Капка слышала, как резко развернувшись, ушло такси, обдав ее теплыми выхлопными газами.
— Держи второго! Этот не слиняет! — дошло до слуха брошенное паханом.
Чьи-то шаги остановились совсем рядом, у самой головы. Капка хотела увидеть лицо. Но в глазах холод и темнота, сплошной провал.
— Кто рядом? Свои или погоня? — никак не могла определить.
— Несите в дом, — дошел тихий, плачущий голос.
— Кого нести? Куда? Зачем? — уходило сознание.
Капка почувствовала, как ее переложили на одеяло, понесли в дом.
Она позвала Короля, но он не подошел, видно, не услышал.
— Капля! Капка! — услышала громкий голос Шакала, но никак не могла увидеть лицо.

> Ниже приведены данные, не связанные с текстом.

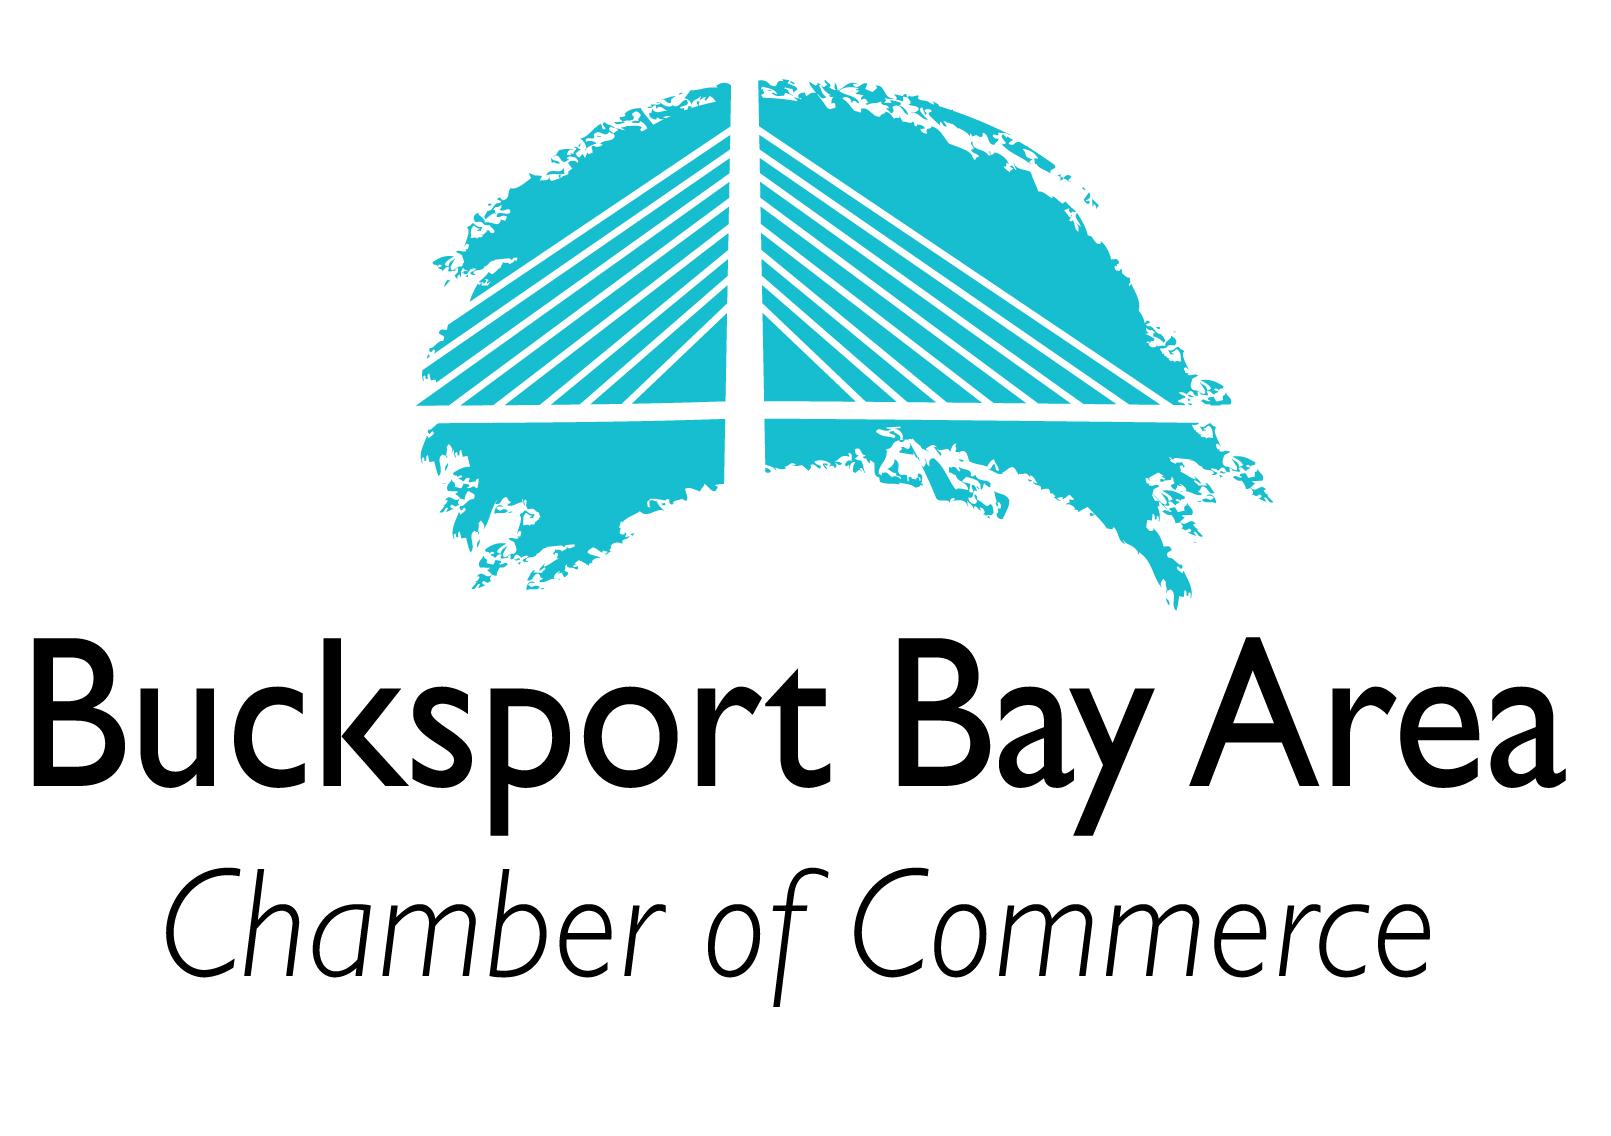 Bucksport Bay Area Chamber of Commerce

Она пыталась разглядеть его, чтобы запомнить навсегда и унести с собой. Но вместо лица увидела бледное пятно с большими, перепуганными глазами.

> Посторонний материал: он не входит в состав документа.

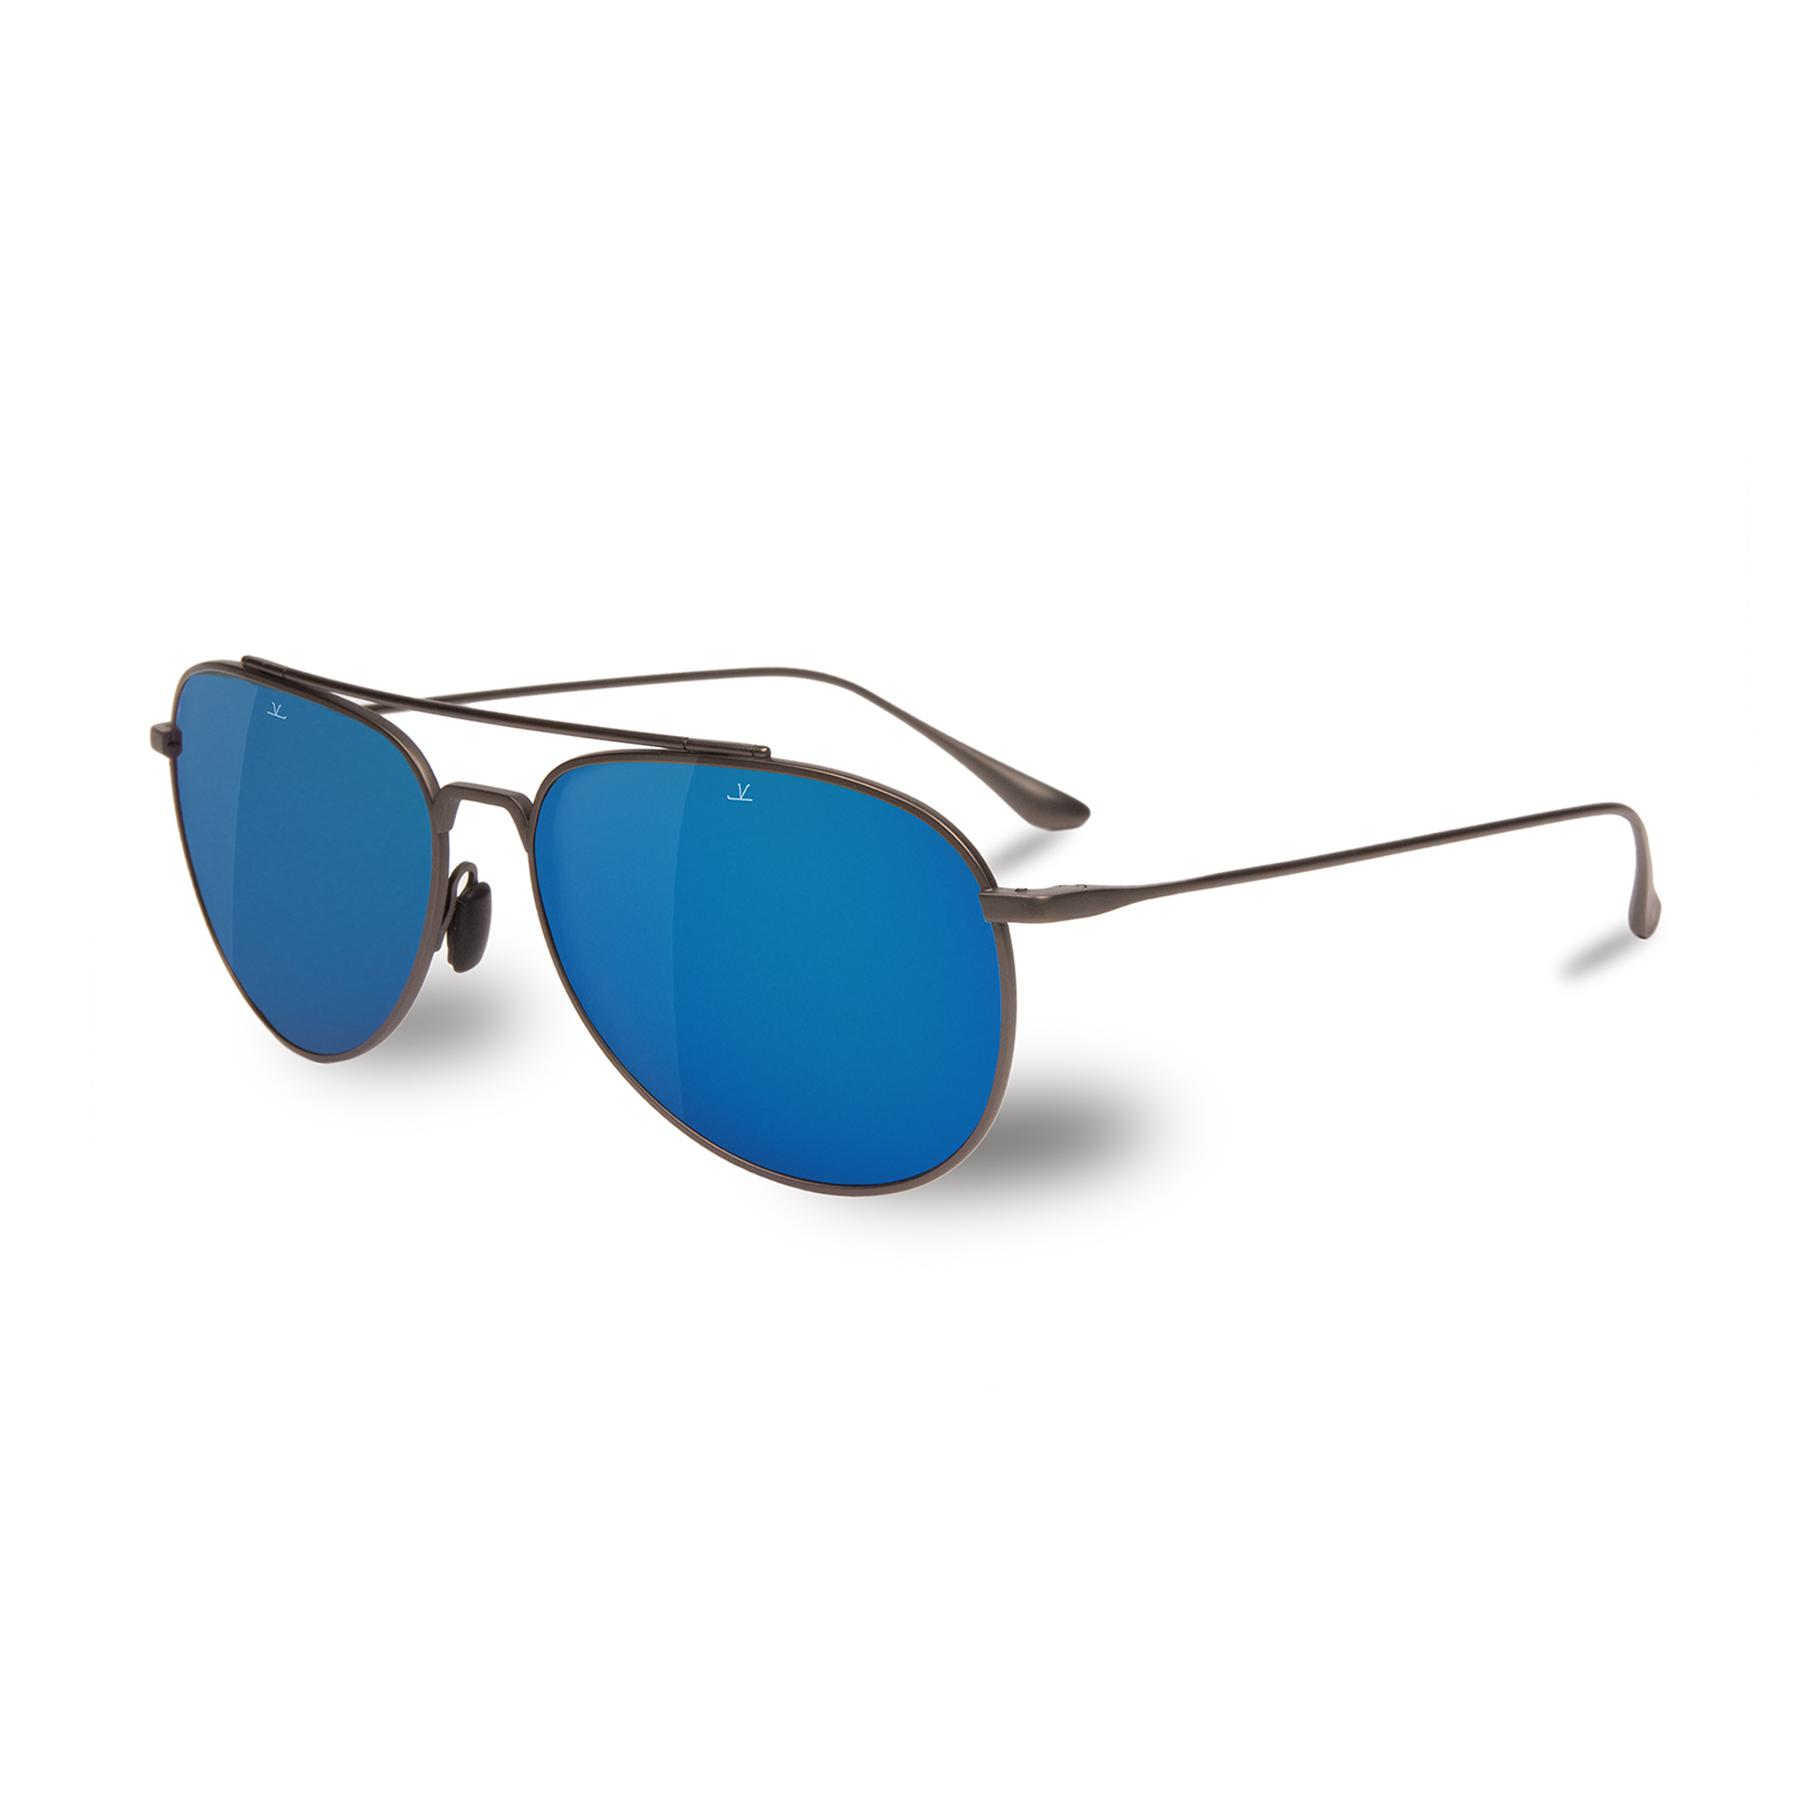 e70786591f Vuarnet - Men Polarized Sunglasses Aviator Pilot Titanium Blue Flash for Men  - Lyst. View fullscreen

— Прости, пахан. Линяю от тебя. От малины и фарта. В откол сваливаю. К жмурам. Мне уже не больно, — выдавила Задрыга.
— Сейчас врача привезут. Потерпи совсем немного. Это кайфовый врач! — почувствовала тревогу в голосе Шакала.

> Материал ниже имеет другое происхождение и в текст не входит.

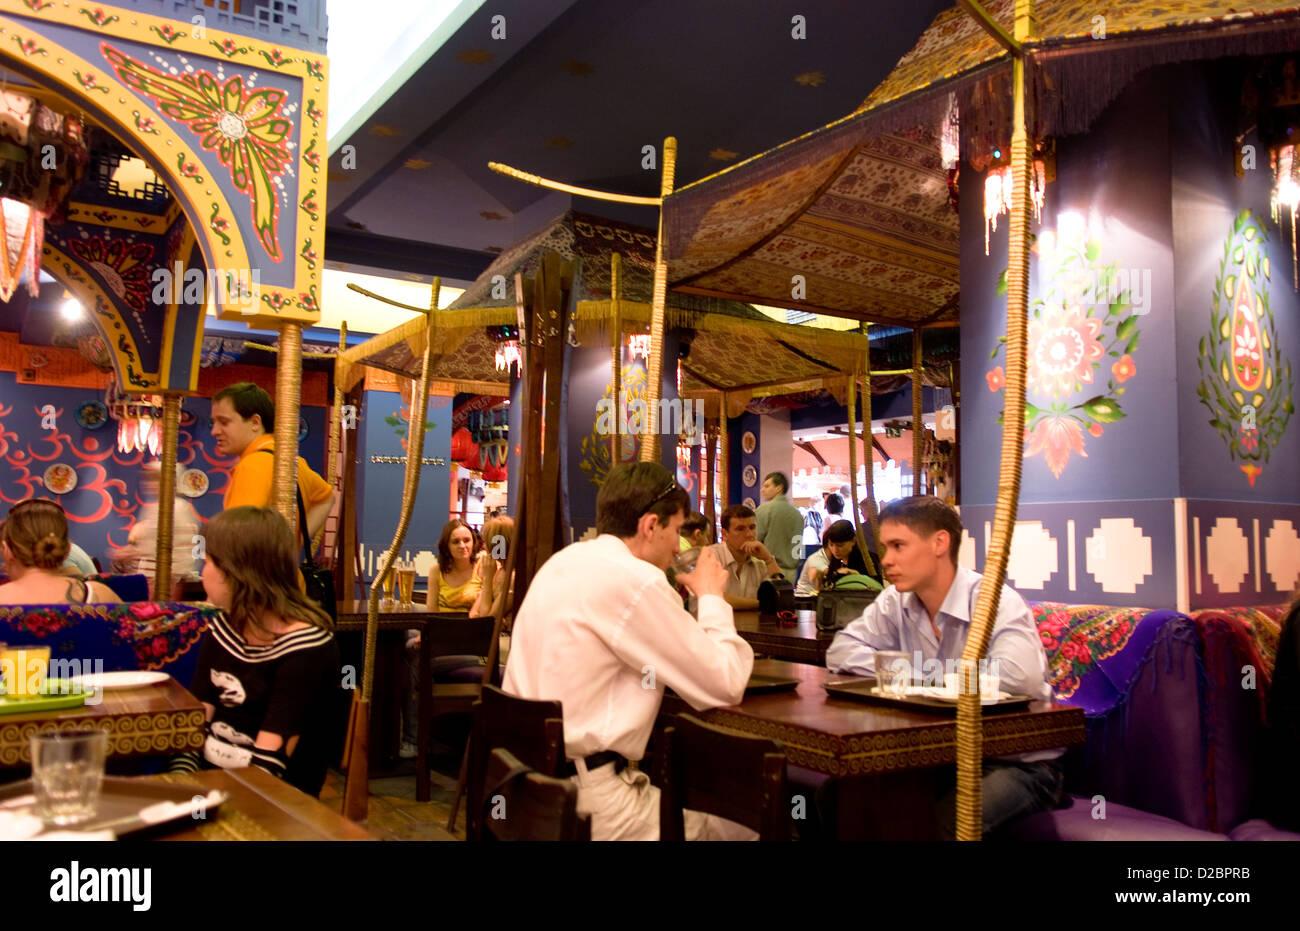 Inside Ukrainian Restaurant In Kiev, Ukraine. - Stock Image

— Он уже западло! Я лажанулась… В последний раз… Ты прости меня… А когда я свалю, купи мне куклу… Самую большую. И положи ко мне — в кентушки. Ладно? Я так давно хотела ее. Не получалось. Стыдно было просить такое фартовой. Но теперь уж можно. Жмуры все одинаковы. И там меня никто не осмеет. Там — не воруют. И у меня будет много игрушек, за все, чего я не имела! — вскрикнула от внезапной боли. Отвернулась от пахана, сцепив зубы.
— Капля! Я принесу много игрушек. Ты только дыши!
— Ты принесешь краденые! А туда с такими не пустят, — еле пересиливала боль.
Капка уже не слышала голос отца. Она летела в глубокую пропасть. Ей было страшно. Но не сумела удержаться на маленьком, скользком выступе под проливным дождем, а надо было уйти
от погони. Оторваться навсегда. Чтоб никогда больше не попадать в клешни чужих фартовых. Но поспешила… Теперь уж они ее не догонят никогда. Испугаются, не захотят ее стопорить в этой черной пропасти. Ведь из нее не выбраться. А фартовые не могут дышать без кабаков и шмар. Они допрут, что здесь ей — Задрыге — полная хана и без них…
Почему-то вспомнилось о расплате.
— Выходит, она никого не забывает. И у всякого своя! Но почему всегда больная и горькая?
— Капля! Капля! — окликает ее голос Короля. Задрыга вздрогнула.
— Где он? Тоже ожмурили? Выходит, в жмурах она не будет одинока? Он не оставит ее и там? Он рядом!..
Капка силится увидеть его.
— Любила! Теперь уж можно бы о том трехнуть без страха. Уже не западло. Кентов здесь нет. Вот только жаль чего-то. Зачем он с нею слинял в жмуры? Она не звала с собой. Ему бы дышать. Он обещал матери приехать к ней с Капкой. Невестой своей назвал. Наверное, это было бы кайфово? Теперь уж все! Другая нашлась бы…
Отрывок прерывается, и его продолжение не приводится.